Canada’s Defence Industrial Strategy Is Targeting Small Businesses – Is Your Proposal Game Ready?


Canada’s Defence Industrial Strategy Is Targeting Small Businesses — Is Your Proposal Game Ready

If you run a small or mid-sized technology company in Canada, you may have just received the best news of your career — whether you realize it yet or not.

The Federal Government’s newly released Defence Industrial Strategy isn’t just another spending announcement. It’s a deliberate, funded plan to channel defence dollars to Canadian businesses, specifically small and medium-sized enterprises. 
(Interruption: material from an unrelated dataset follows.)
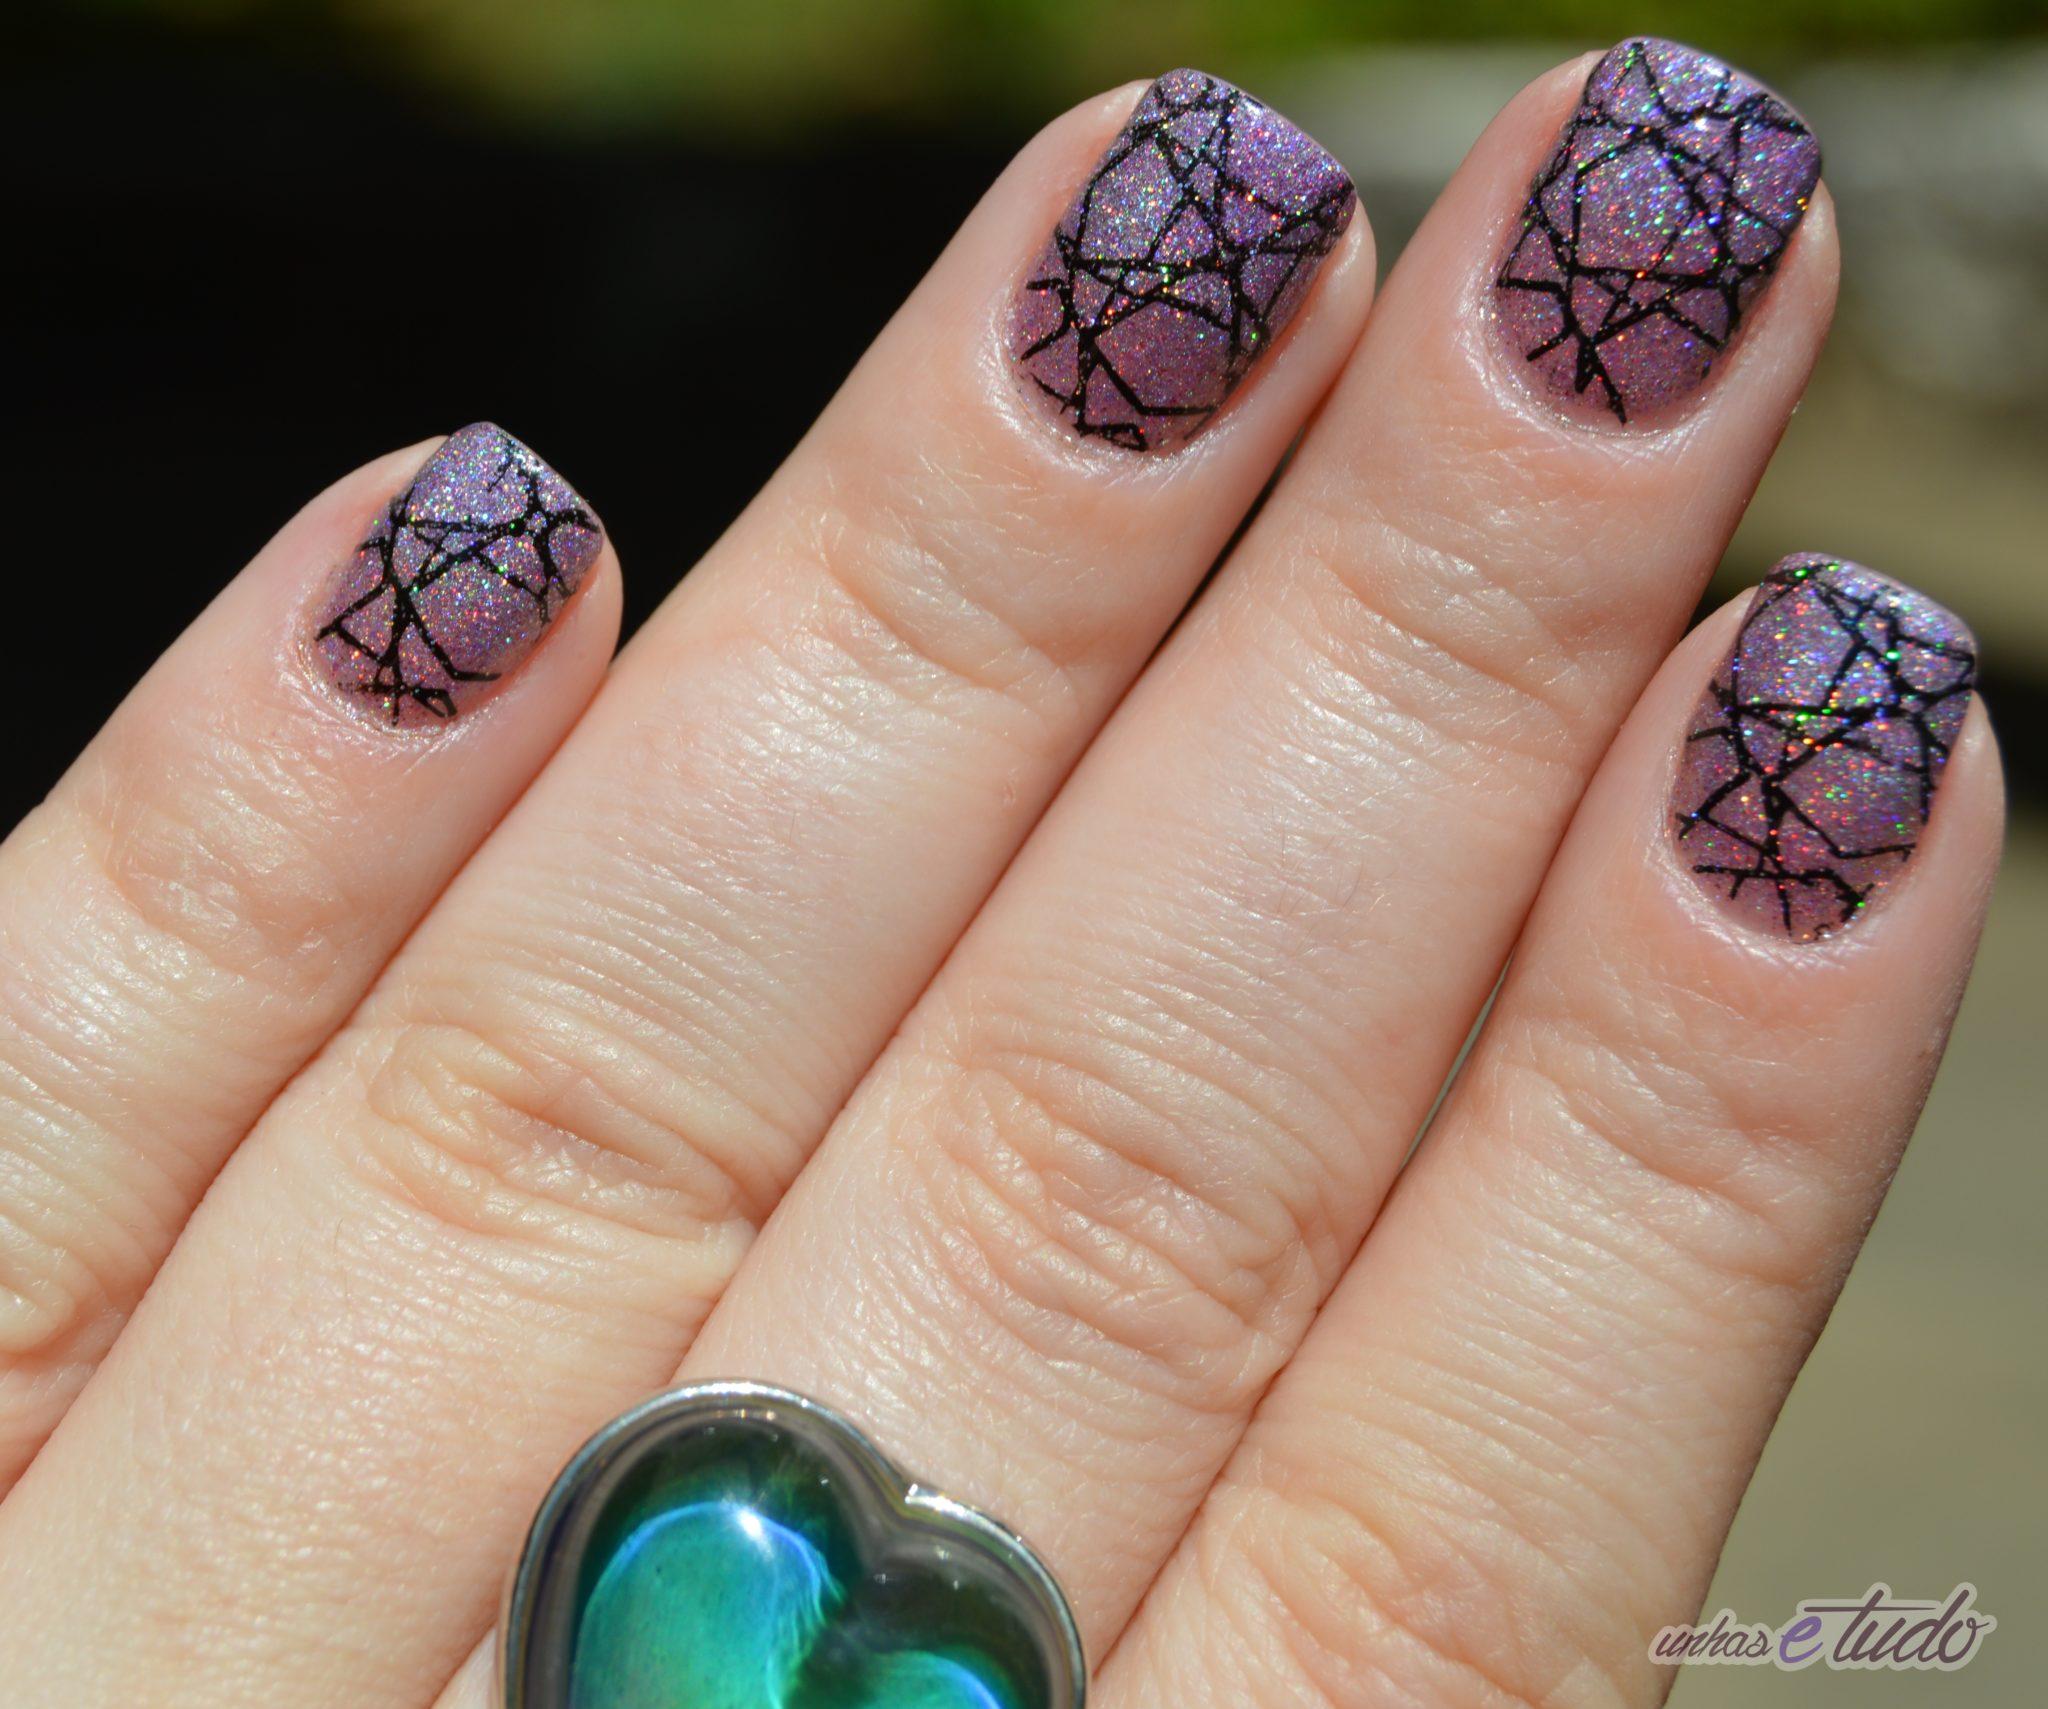 vm-vidrinhos-lilac-luxury-carimbado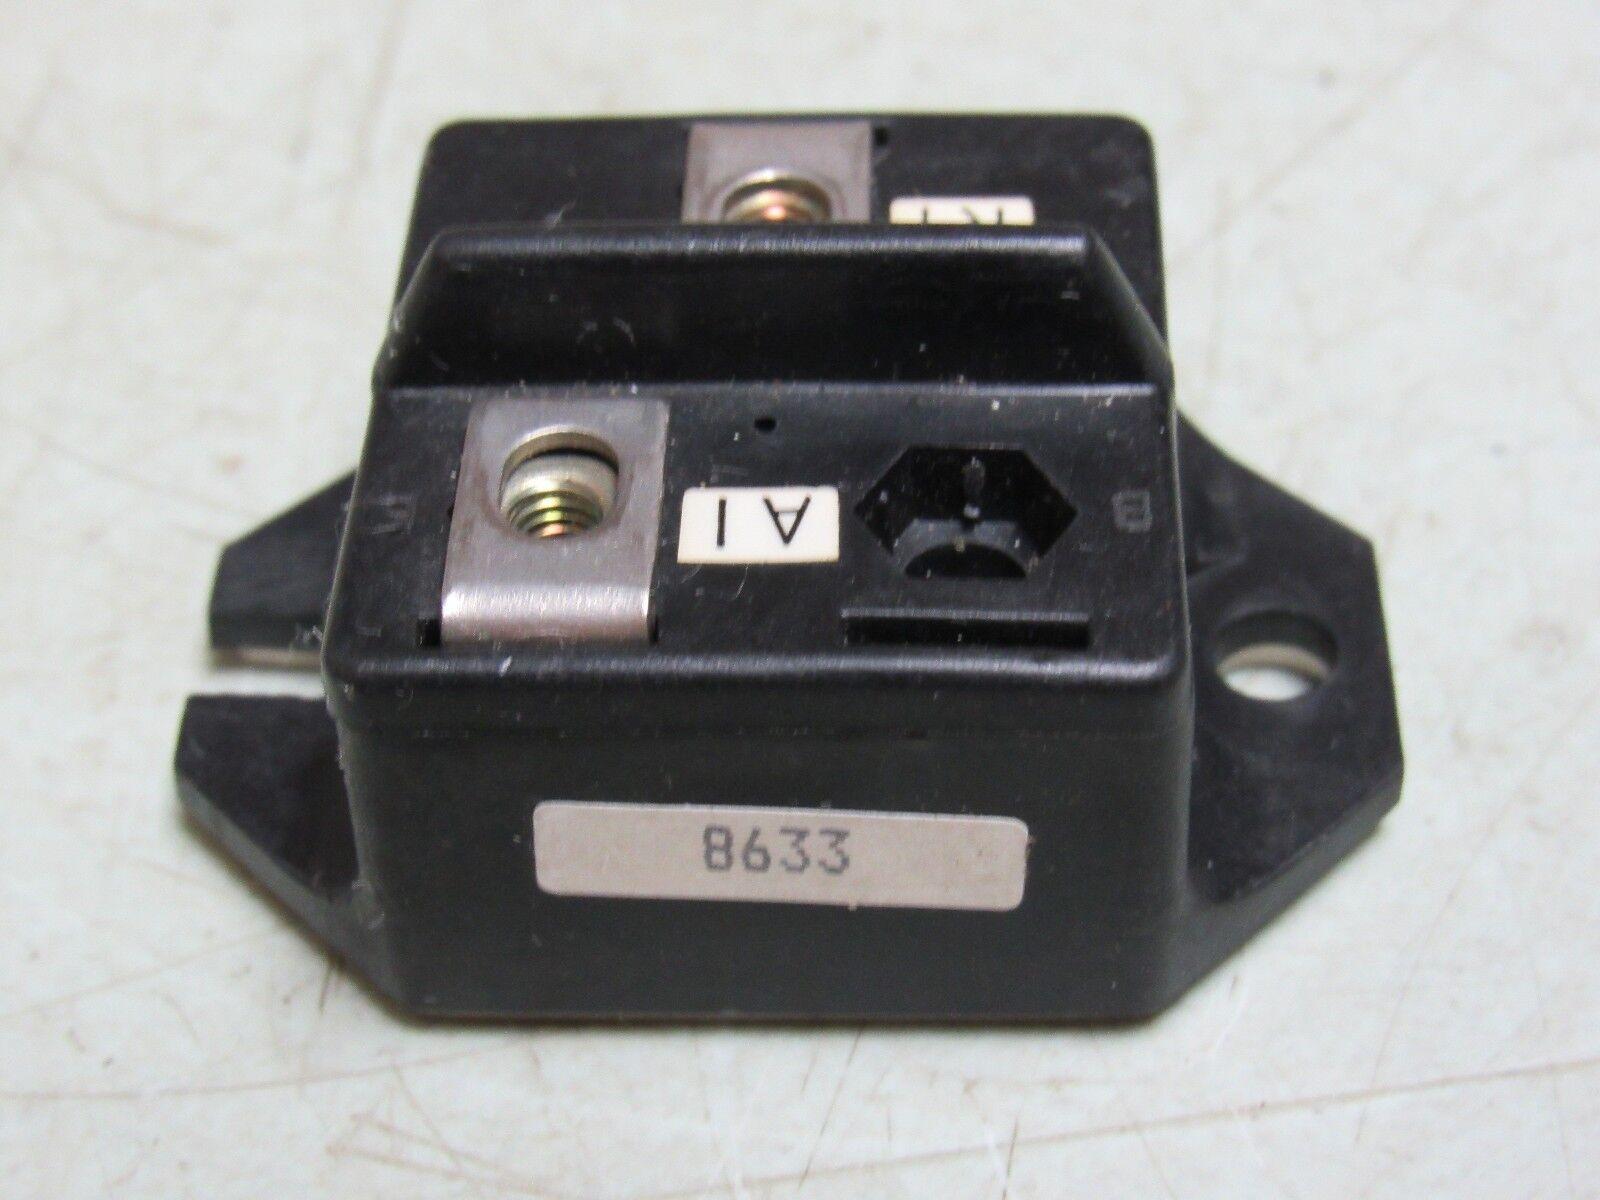 Mitsubishi Model Diode Sr50c 24 30 Day Ship Ebay Standard 1n4007 Vs Schottky 1n5819 Electronics Club Fans

The numbers are staggering: $180 billion in defence procurement, $290 billion in defence-related infrastructure, and more than $5.1 billion in annual revenue increases targeted directly at SMBs in the defence sector.

Ottawa is essentially opening a door that has historically been reserved for large, established defence primes. The question is whether smaller firms are ready to walk through it – because the biggest barrier won’t be your capabilities. It will be your proposals.

Key Takeaways

  • Canada’s Defence Industrial Strategy explicitly targets SMB growth, projecting $5.1 billion in annual revenue increases for small and medium-sized defence contractors.
  • The Federal Government plans to increase the share of defence acquisitions awarded to Canadian firms to 70 per cent, creating unprecedented domestic opportunity.
  • Smaller firms entering defence procurement for the first time face a steep learning curve: defence evaluators score proposals far more rigorously than in most commercial or municipal processes.
  • The five most common proposal weaknesses we see from growing firms – no win strategy, firm-centric language, generic claims, buried key messages, and thin project references – are the same ones that get proposals eliminated in defence procurement.
  • A professional proposal evaluation gives your team a crash course in what defence-grade proposals actually look like, before you learn those lessons the expensive way.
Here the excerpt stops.